● **TASK**
For this exercise, copy exactly the lines below from the one with "Poppstar SATA Stromkabel" through the one with "A man aims a rifle at a shooting range." and leave out the pictures.

*** DATA RECORDS

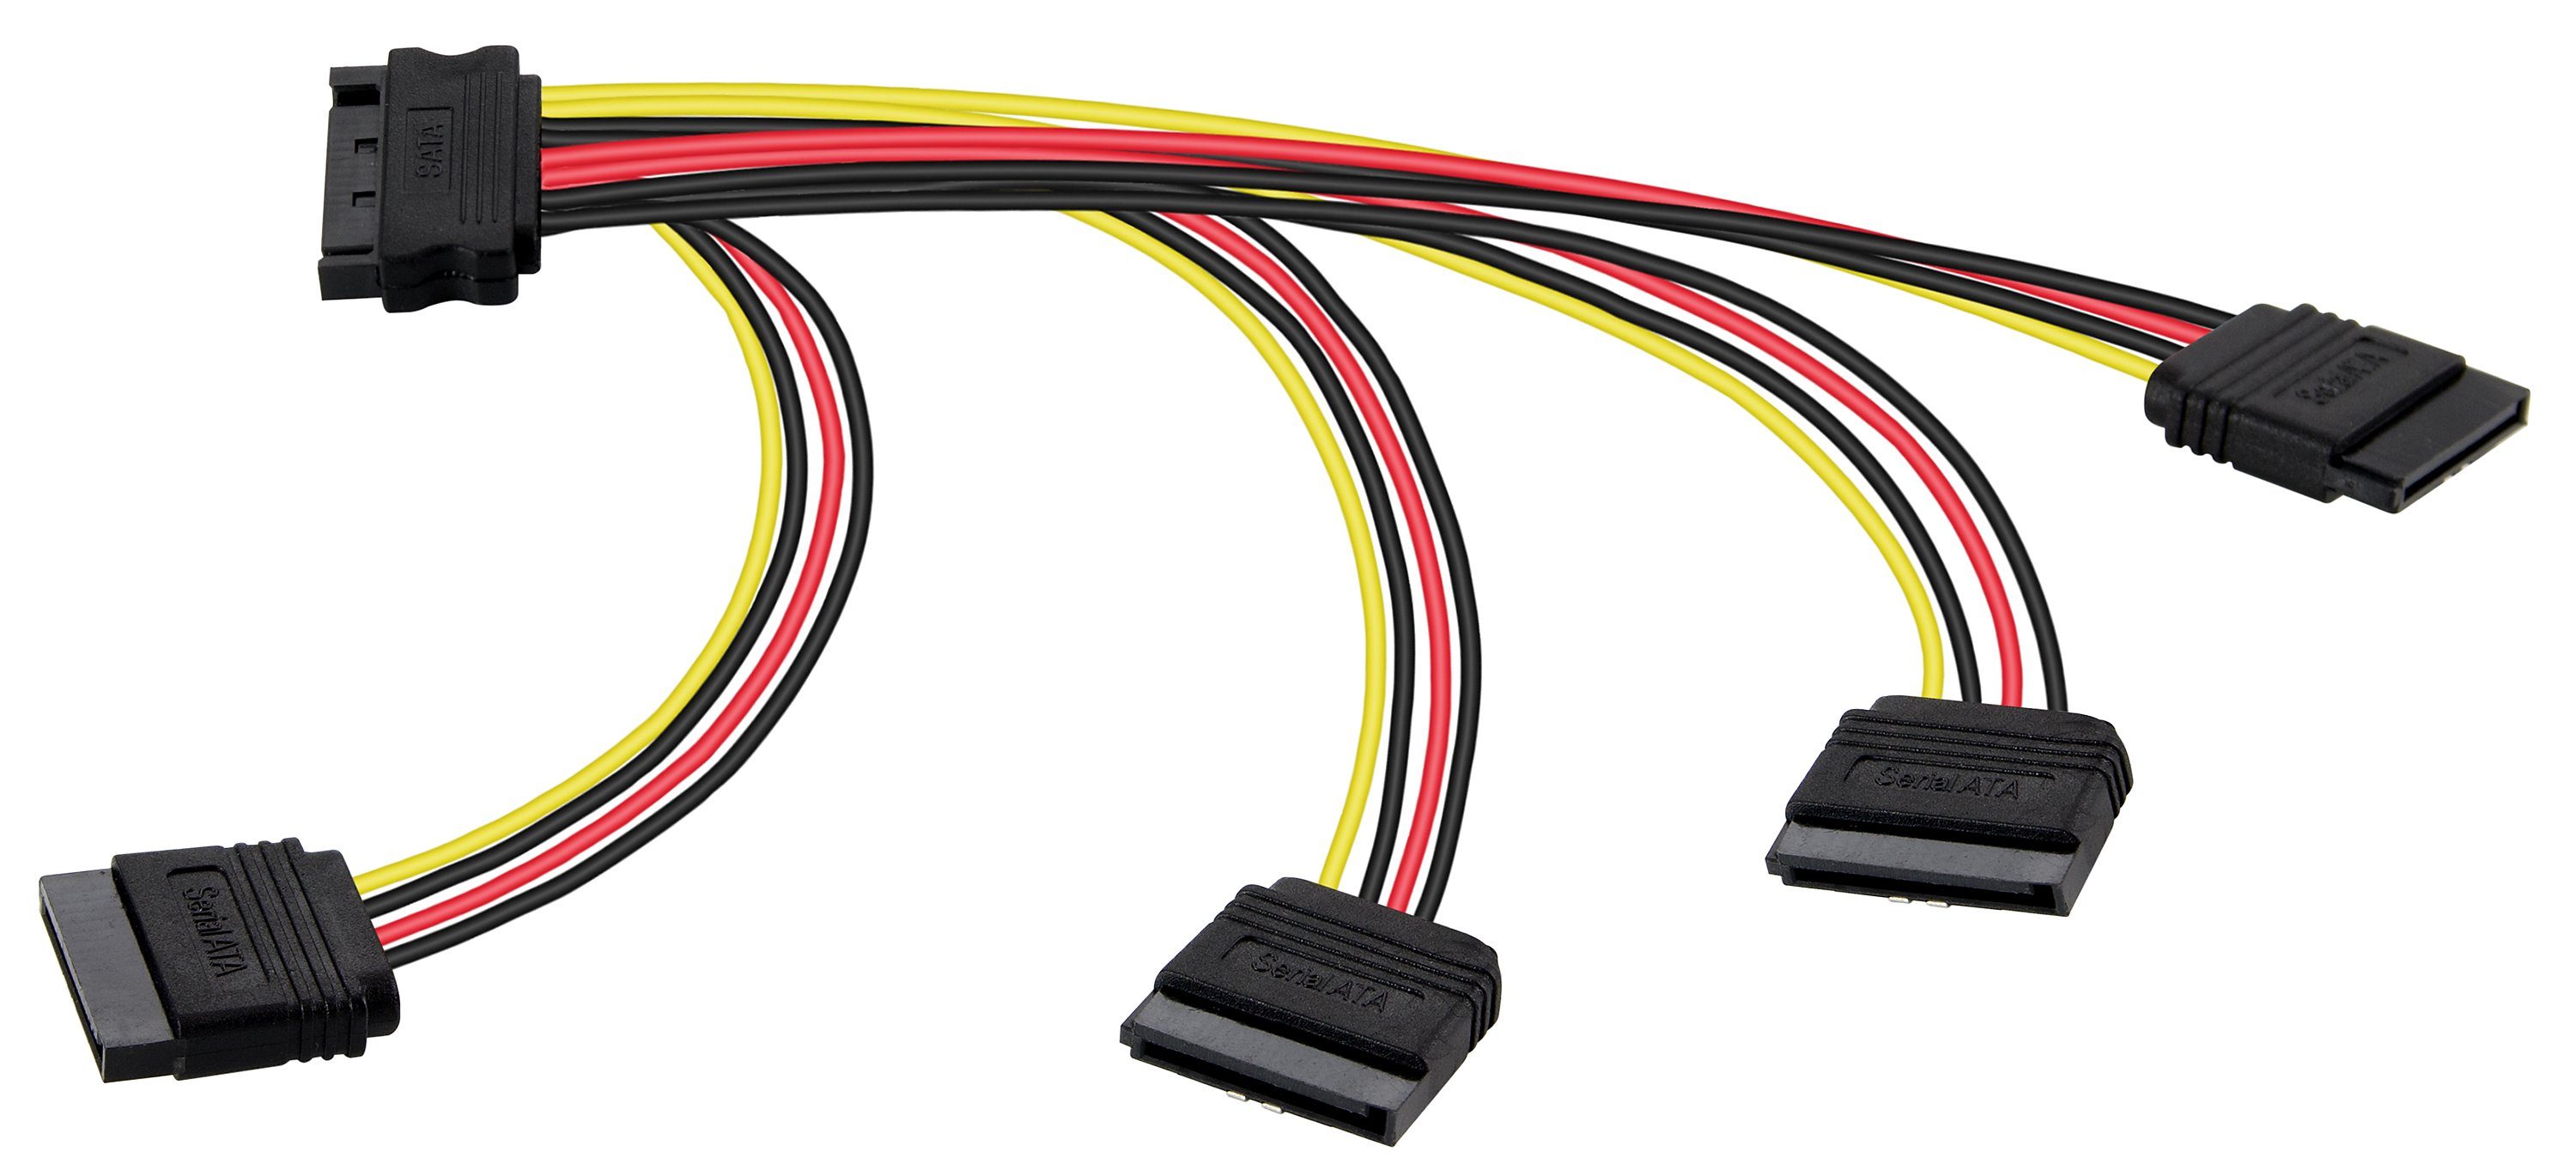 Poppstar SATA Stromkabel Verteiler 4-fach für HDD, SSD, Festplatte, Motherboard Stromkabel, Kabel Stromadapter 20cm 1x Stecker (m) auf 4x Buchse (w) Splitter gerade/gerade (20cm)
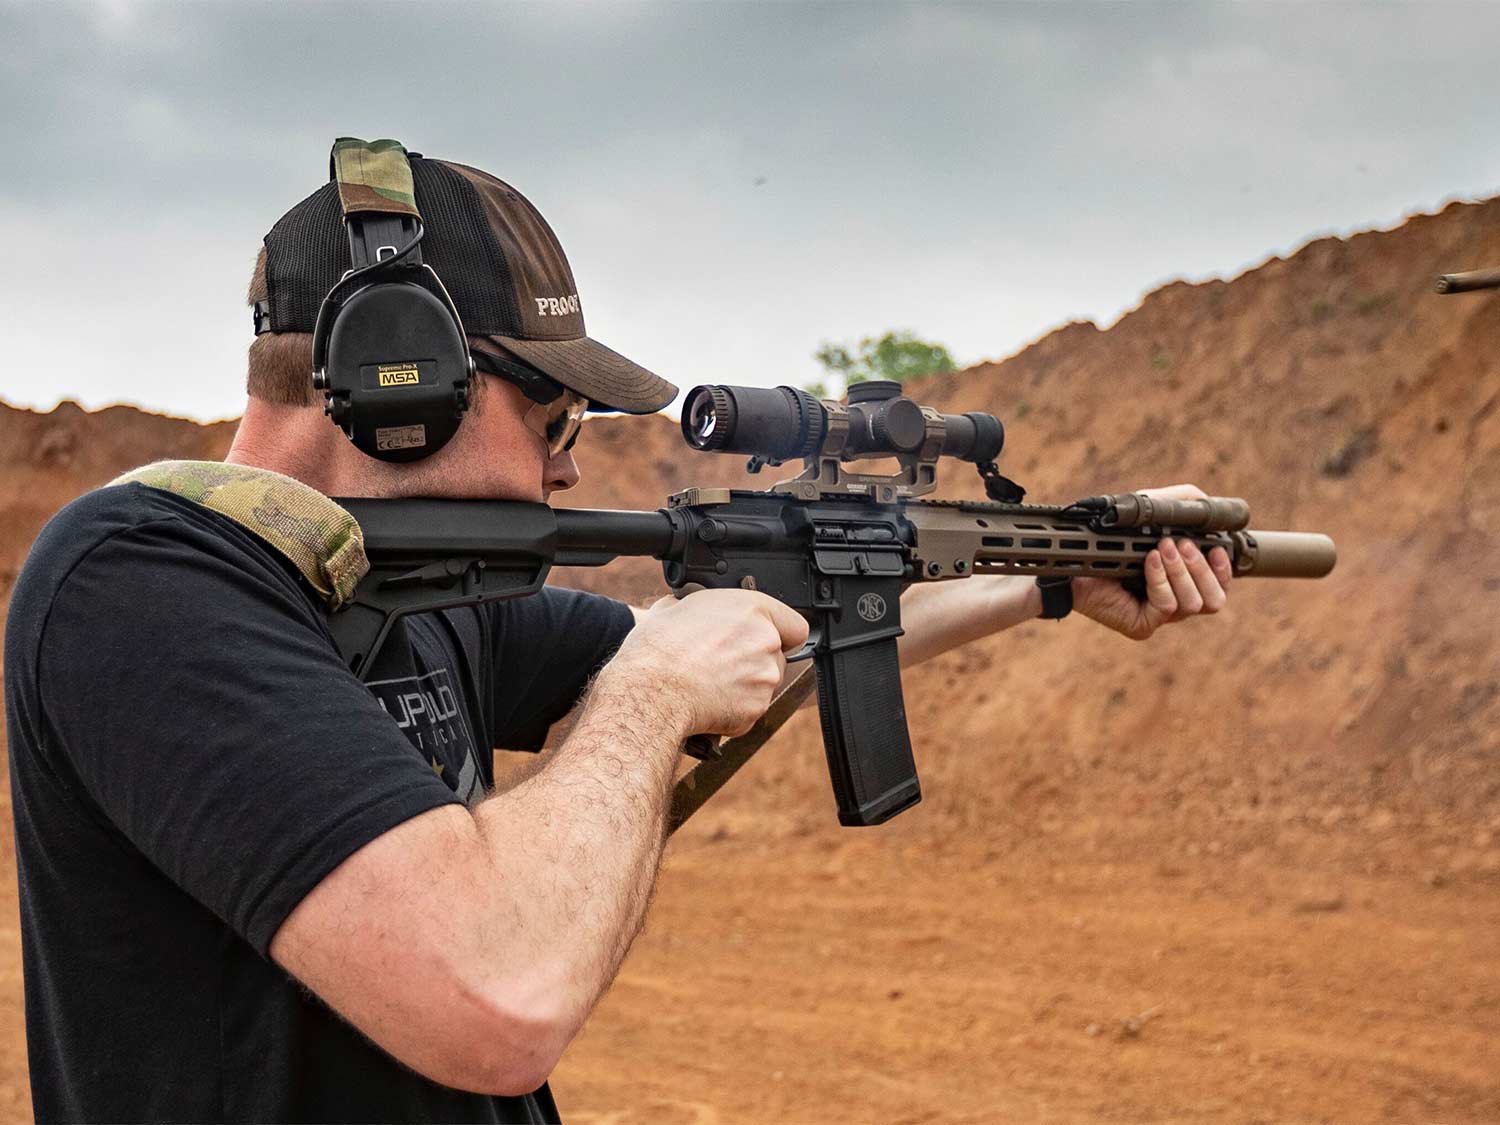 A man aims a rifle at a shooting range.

******
*** DATA RECORDS

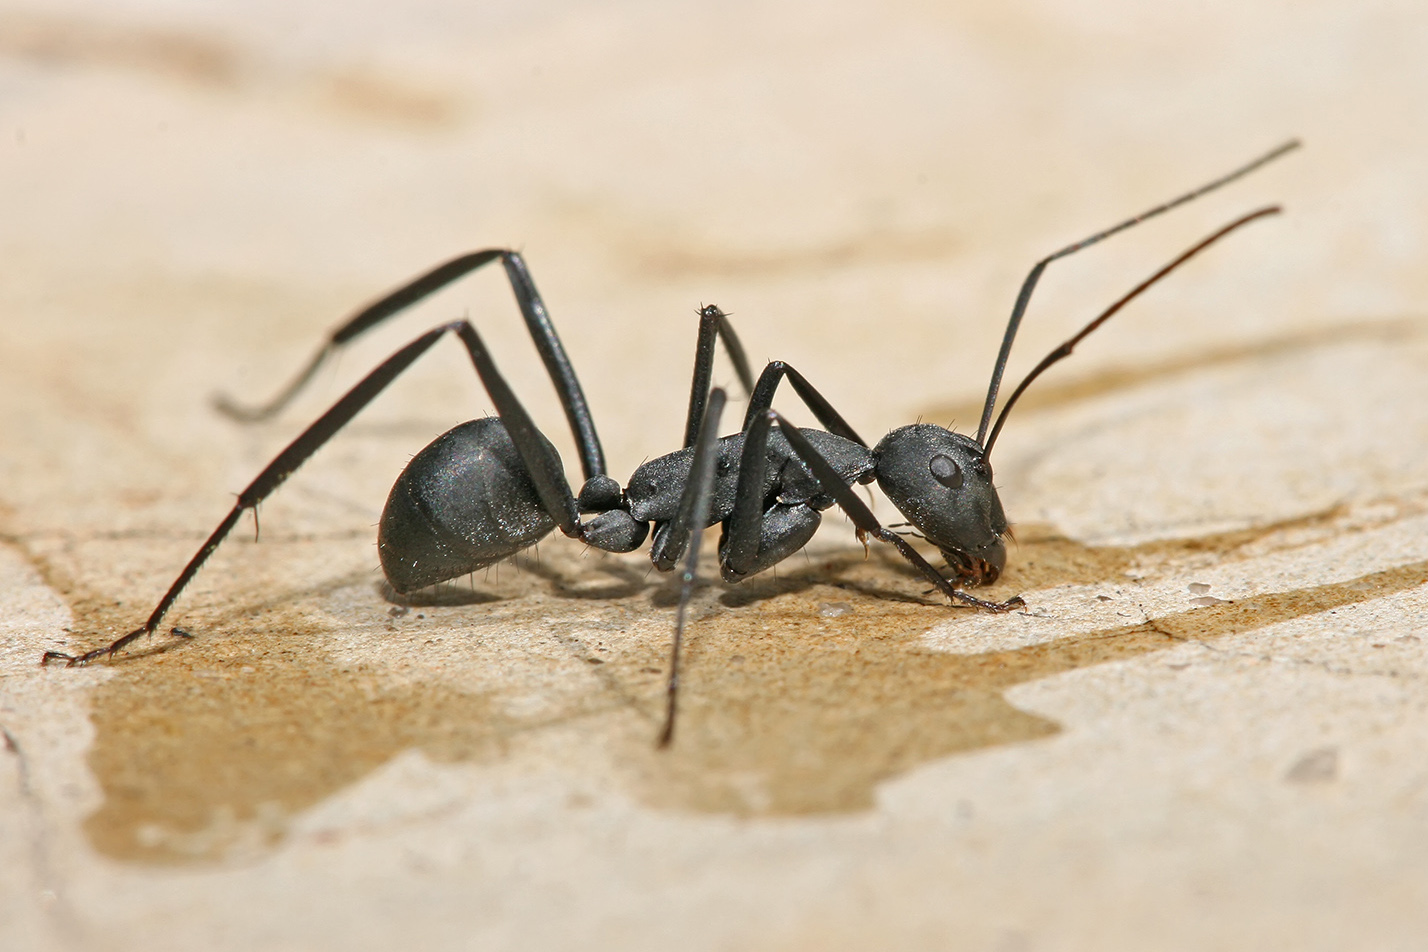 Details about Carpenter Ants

******

● **RESULT OF THE EXERCISE**
 Poppstar SATA Stromkabel Verteiler 4-fach für HDD, SSD, Festplatte, Motherboard Stromkabel, Kabel Stromadapter 20cm 1x Stecker (m) auf 4x Buchse (w) Splitter gerade/gerade (20cm)
 A man aims a rifle at a shooting range.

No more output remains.